All things, from war to philanthropy, were judged by whether or not they would bring profit to the company.

“Then I will sell three company-owned buildings in Seattle, Cascade District. Is that okay?”

“Yes.”

“But one of those is an exceedingly high-level IT research facility.”

“As long as it will bring us even greater profit.”

That elderly man would not bat an eye at a mere 100 million dollars.

He sounded annoyed with his young and beautiful secretary for seeking confirmation about every little thing.

“For example, we could buy out a rival company. In fact, get started on that after inflating the funds with some arbitrary market deals. …AI research is such nonsense. Get rid of that pesky rival and we’re freed from wasting so much money on that pointless development race. Then we can focus on what really matters. What I want right now is steel and sturdy cars.”

“Then I will do that.”

For them, everything was about money. That meant they had a monetary reason for constructing the space elevator in Africa’s Turkana District. And not the immediate benefit of spreading the reach of online shopping to cover the entire planet.

They were focused on much greater profit.

“What do you think?” asked the elderly man while calmly progressing a plan that would ruin the lives of hundreds of his own employees and more than ten times as many of the rival company’s employees.

“It seems like a reasonable distribution.”

They were in Los Angeles in the Central Valley District of western America.

That was the capital of the Capitalist Corporations’ home country. This conversation took place in the top floor of a smart building sticking up even higher than all the other towering skyscrapers.

The elderly man seated in the president’s office that took up an entire building floor was named Raphael Goldenclipper.

The much younger secretary in a suit was named Serenade Blackrose.

“Short-term-stay villas have been constructed on the moon, but they are reliant on the transportation of goods from earth,” said the secretary. “No one can move their indefinitely. Mars and Jupiter also seem unlikely at this stage, so relying on any existing planet will likely never be realistic. That is why I consider her suggestion to be useful.”

“This planet will eventually run dry.”

“Our advertising agency’s simulator determined that a plan to reduce the human population would cost too much.”

“So the final problem is the humans, huh?”

“Yes,” calmly confirmed the secretary. “But if personnel expenses and service charges were eliminated, it would reduce the accepted prices for the products. If the factories were fully automated, we would have no choice but to sell the products for the cost of the original materials.
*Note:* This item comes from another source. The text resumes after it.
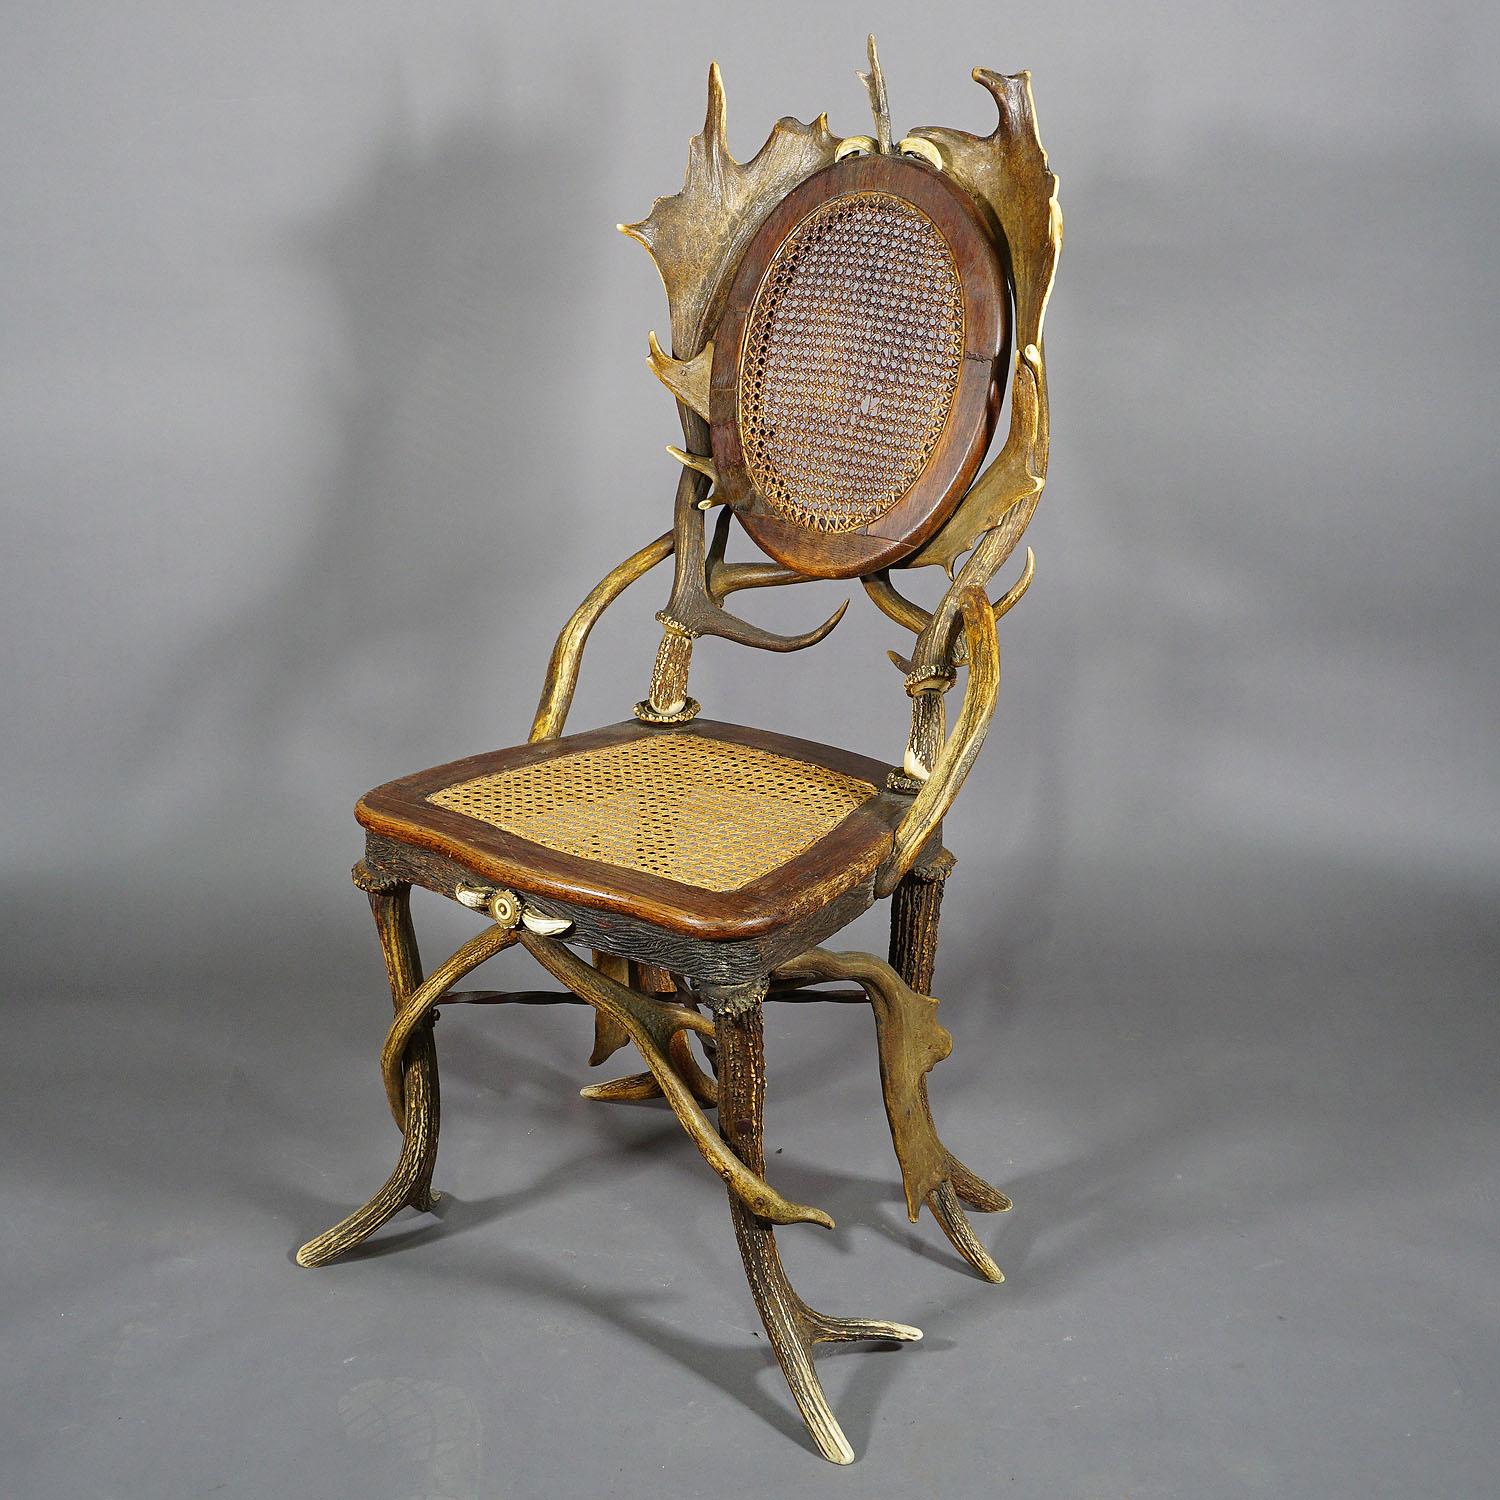 Paire de fauteuils de salon anciens rustiques en bois de cervidé, Allemagne, vers 1900

Paire de chaises anciennes en bois de cerf et de daim. Elles sont ornées d'une rose en corne tournée et de défenses de sanglier. L'assise et le dossier sont en

To efficiently make money, inefficient humans must be made a part of the production system somewhere.”

“Hm.”

“Humans increase the price of the product and humans buy the product at that increased price. But they must have stable lives to do so. That is where Objects come in. If we recruited soldiers from the general populace, it would only allow former soldiers to bring along firearms when they riot. And the damage will be greater the more advanced and unique the technology. Hence, it is best for only a limited few to hold all the power to fight.”

The rulers of capital never actually touched paper money.

Money was a status symbol, but what you really needed was a useful position in a company. In that case, the money need not exist in a non-digital form. Paper money might as well have been a silly toy to them.

“What are the other six companies saying?”

“They are mostly in agreement. Some do not trust the Federation of Elevator Industries, but no alternatives have been suggested. If they truly intended to break away, they would instead say nothing at all.”

The elderly man did not even attend the secret meetings held over the internet. Some people were safer when they remained ignorant of what was going on around them. All the dirty work was left to his secretary.

It was that special arrangement that had allowed such a young woman to push past a veritable harem of beautiful secretaries to become the strategic secretary who stood alongside the CEO.

“Then you’ll be continuing as before?”

“Yes, I will continue to monitor the situation.”